L'amour à "L'Ecole de la chair"

 

Encore une histoire d'amour ? Oui mais pas comme les autres... Né de regards échangés, dans un bar gay, un coup de foudre entre une femme, Dominique, la quarantaine aisée, et un jeune gigolo, Quentin. Il faudra bien que ça finisse, que Quentin en aime une autre, que Dominique recolle ses morceaux. Il y a de la chair, un eu, dans cette "Ecole de la chair" mais Benoît Jacquot filme surtout, amoureusement, l'inépuisable paysage sous ciel changeant qu'est le visage d'Isabelle Huppert. Et ce voyage est bouleversant.
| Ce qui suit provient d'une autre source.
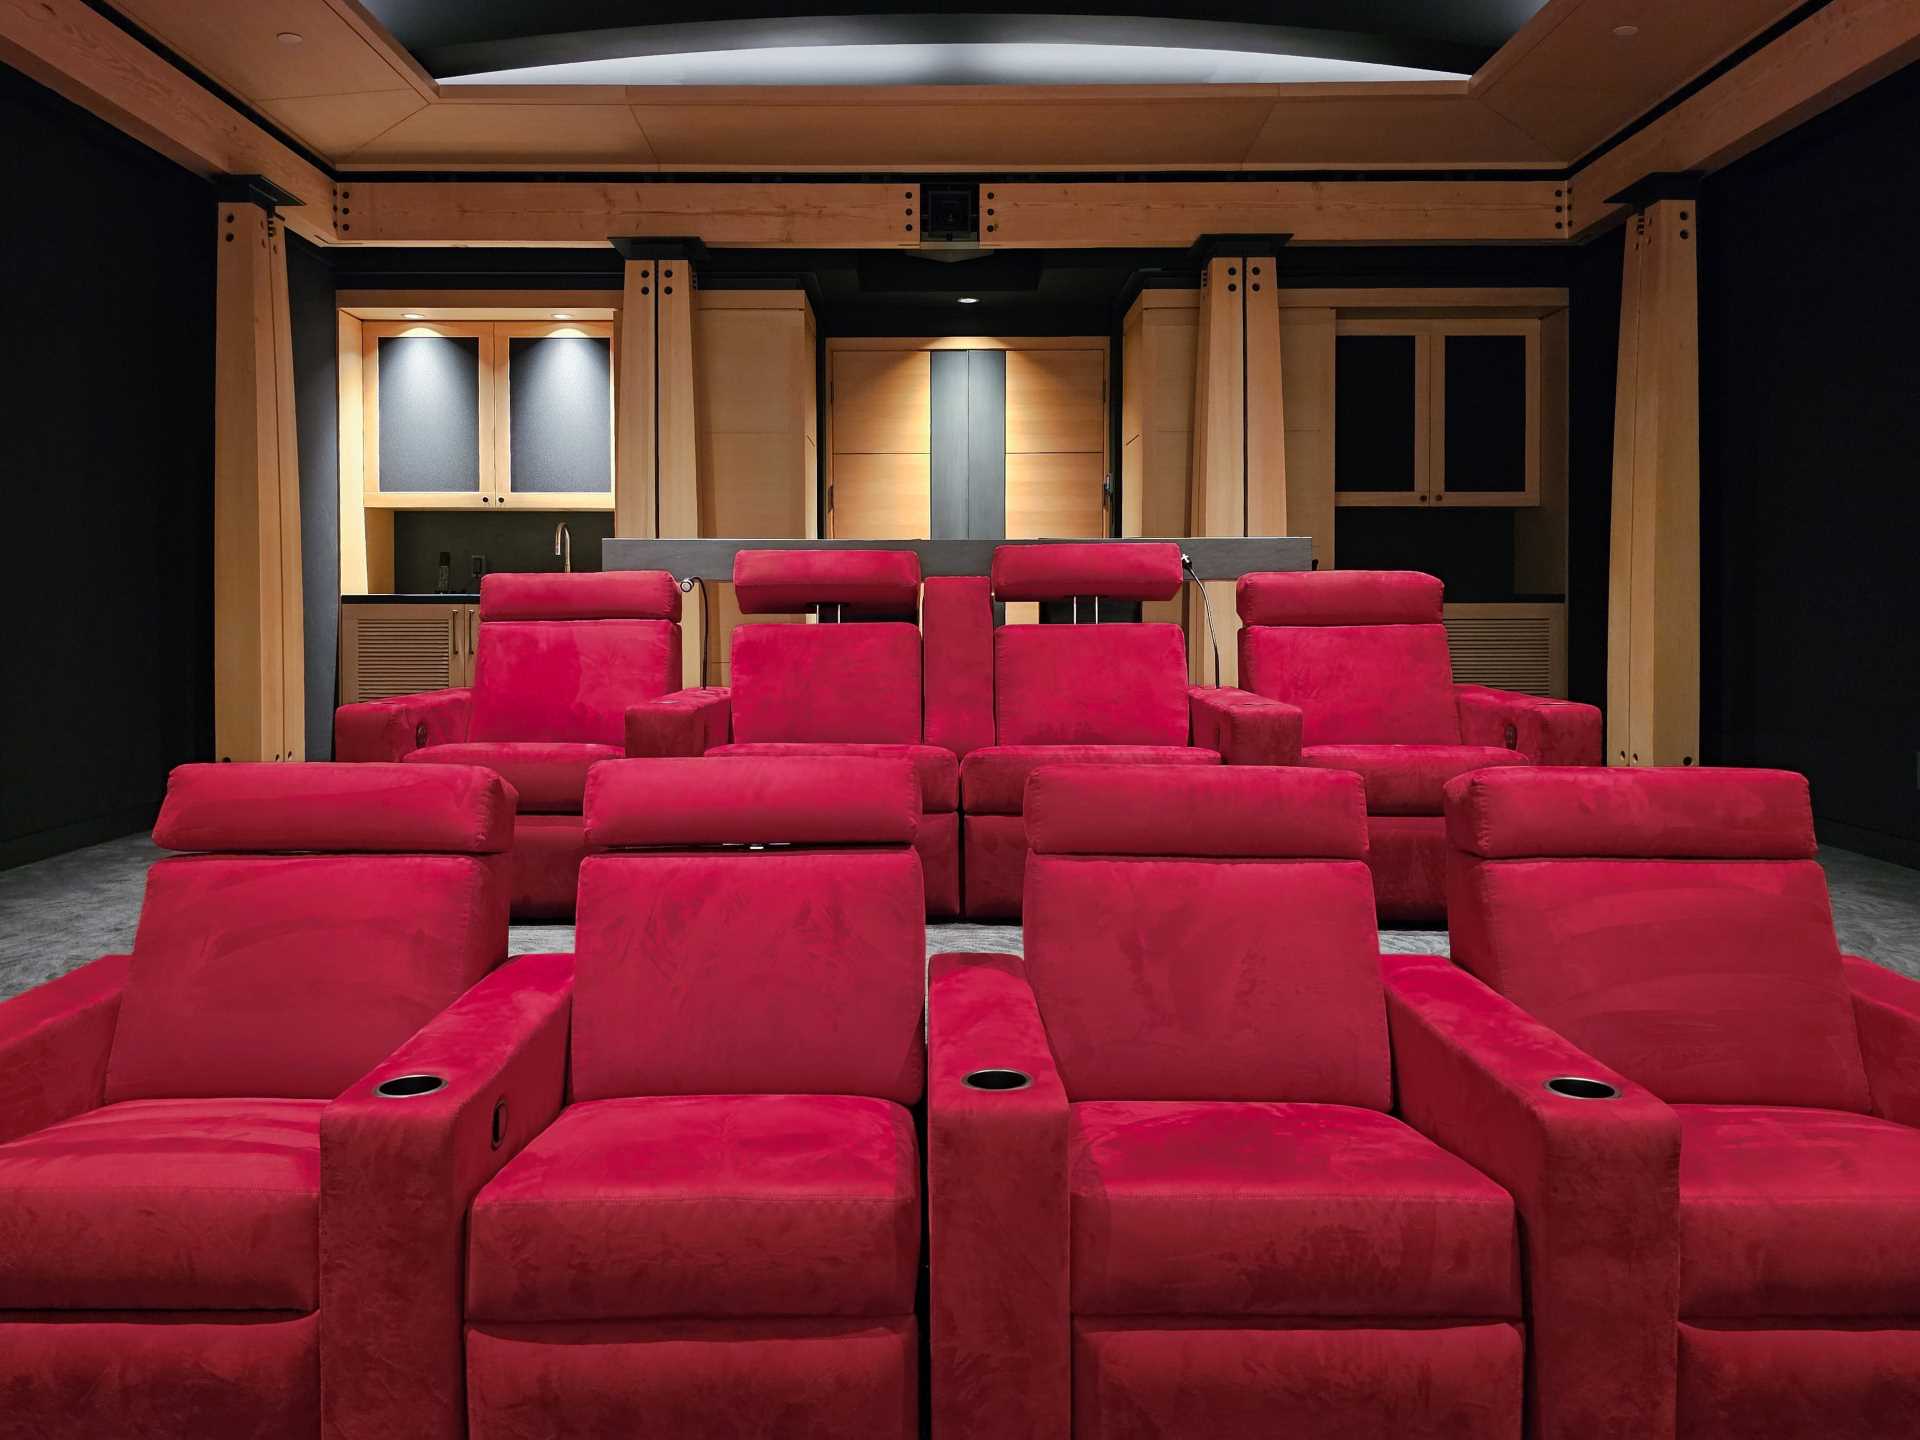 În acest home theater, scaunele de culoare roșu aprins adaugă o notă de culoare interiorului negru și lemn.
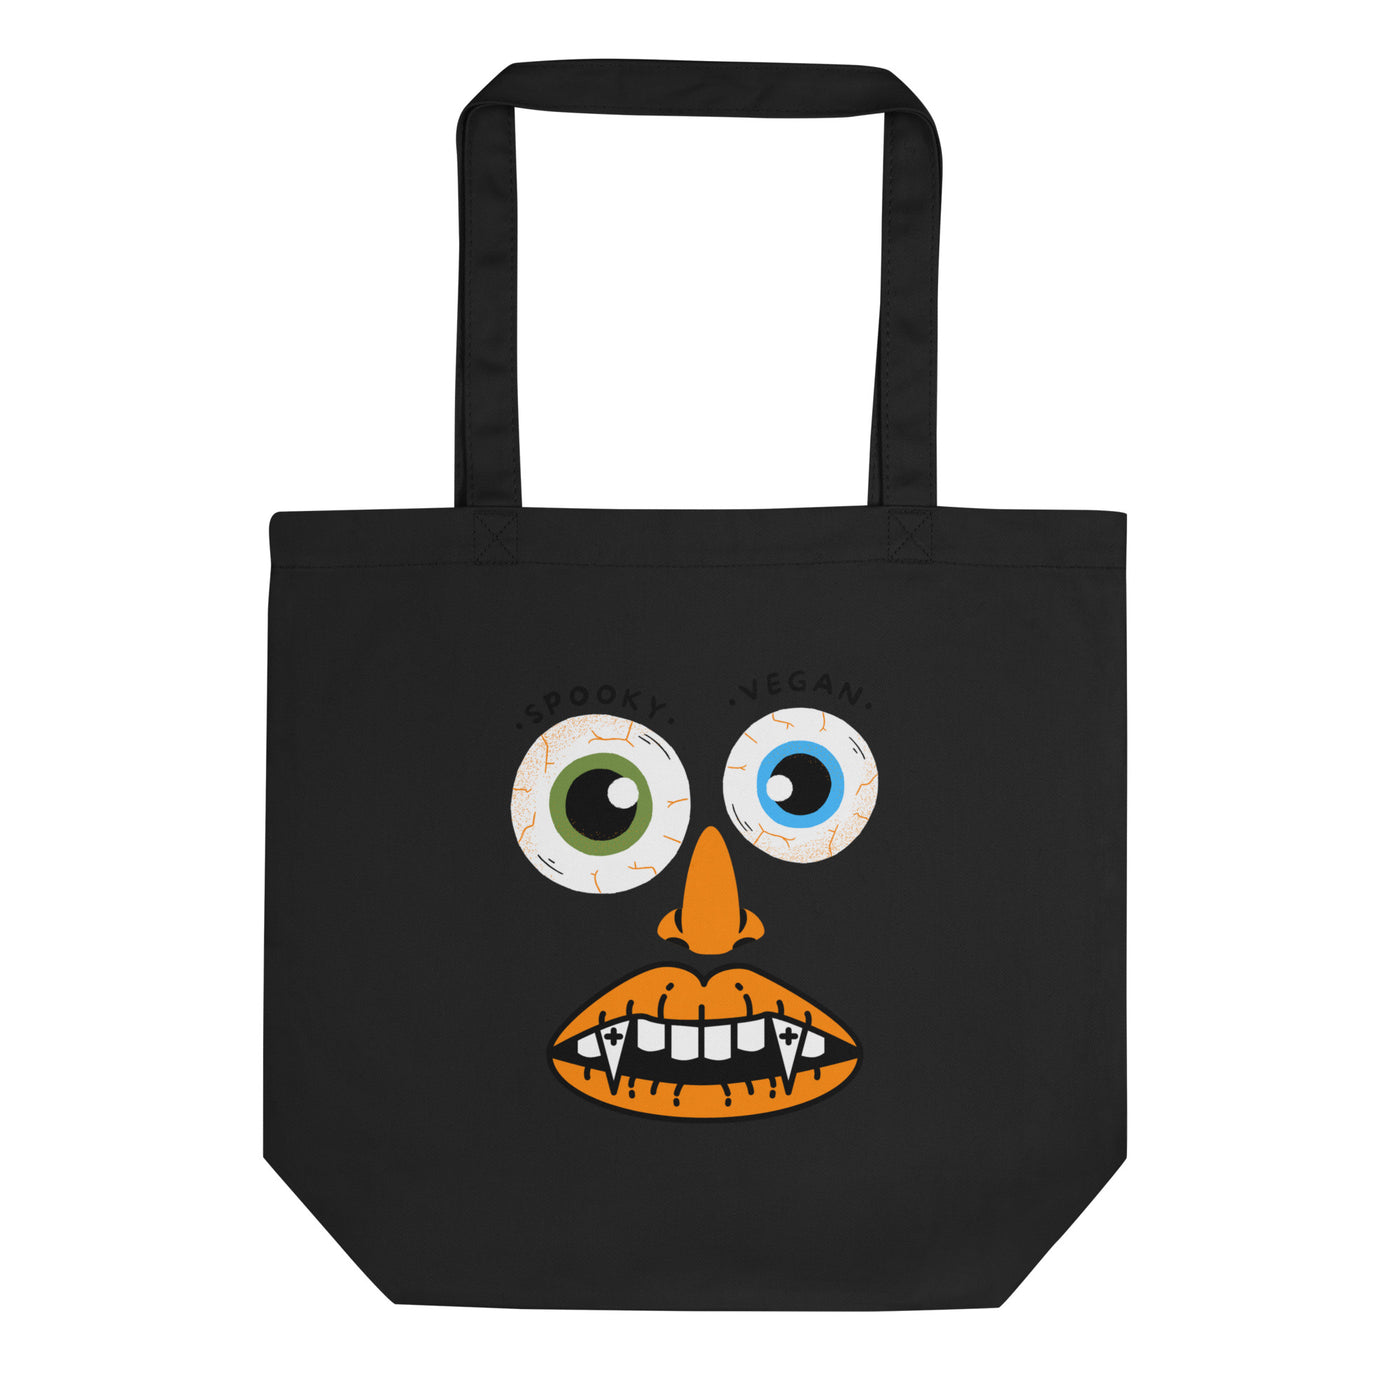 Tote Bag - Spooky Vegan Face!

Ce mois-ci, Isabelle Huppert commence le tournage de "Saint-Cyr" de Patricia Mazuy, où elle incarne Madame de Maintenon. Après l'école de la chair, l' école de la vertu...

 

Sa chrono

1953 Une star est née.

1971 Première apparition à l'écran dans "Faustine ou le bel été" de Nina Companeez.

1976 "La Dentellière", de Claude Goretta, la lance sur orbite.

1978 Prix d'interprétation à Cannes pour "Violette Nozière", de Claude Chabrol (partagé avec Jill Clayburgh pour "Une femme libre".

1996 César de la meilleure actrice pour "la Cérémonie" de Chabrol.

1998 Elle préside le Festival de Cannes où est présenté "1'Ecole de la chair" de Benoît Jacquot.

1999 Le 6 mars, elle présidera la 24è Nuit des Césars.


"Je mens la plupart du temps"

 

Qu'aimeriez-vous changer en vous ? Rien.

Quel talent supplémentaire aimeriez-vous posséder ? L'art de la dissimulation.

A quel bien matériel êtes-vous le plus attachée ? A ma brosse à dents.

Qu'aimeriez-vous transmettre à vos enfants ? Le goût du bonheur.

Qu'est-ce qui vous amuse dans la vie ? Observer les gens.

Quel trait de caractère vous attire le plus ? La douceur.

Vous arrive-t-il de mentir ? La plupart du temps.

Etes-vous égoïste ? Non. Je suis égocentrique. On peut être centré sur soi et prendre les autres en compte... fût-ce pour les ramener vers soi !

Avez-vous des regrets ? Hélas, oui, d'autant plus bêtes qu'il s'agit de choses totalement insignifiantes.

Votre citation favorite ? « La lucidité est la blessure la plus proche du soleil » (René Char).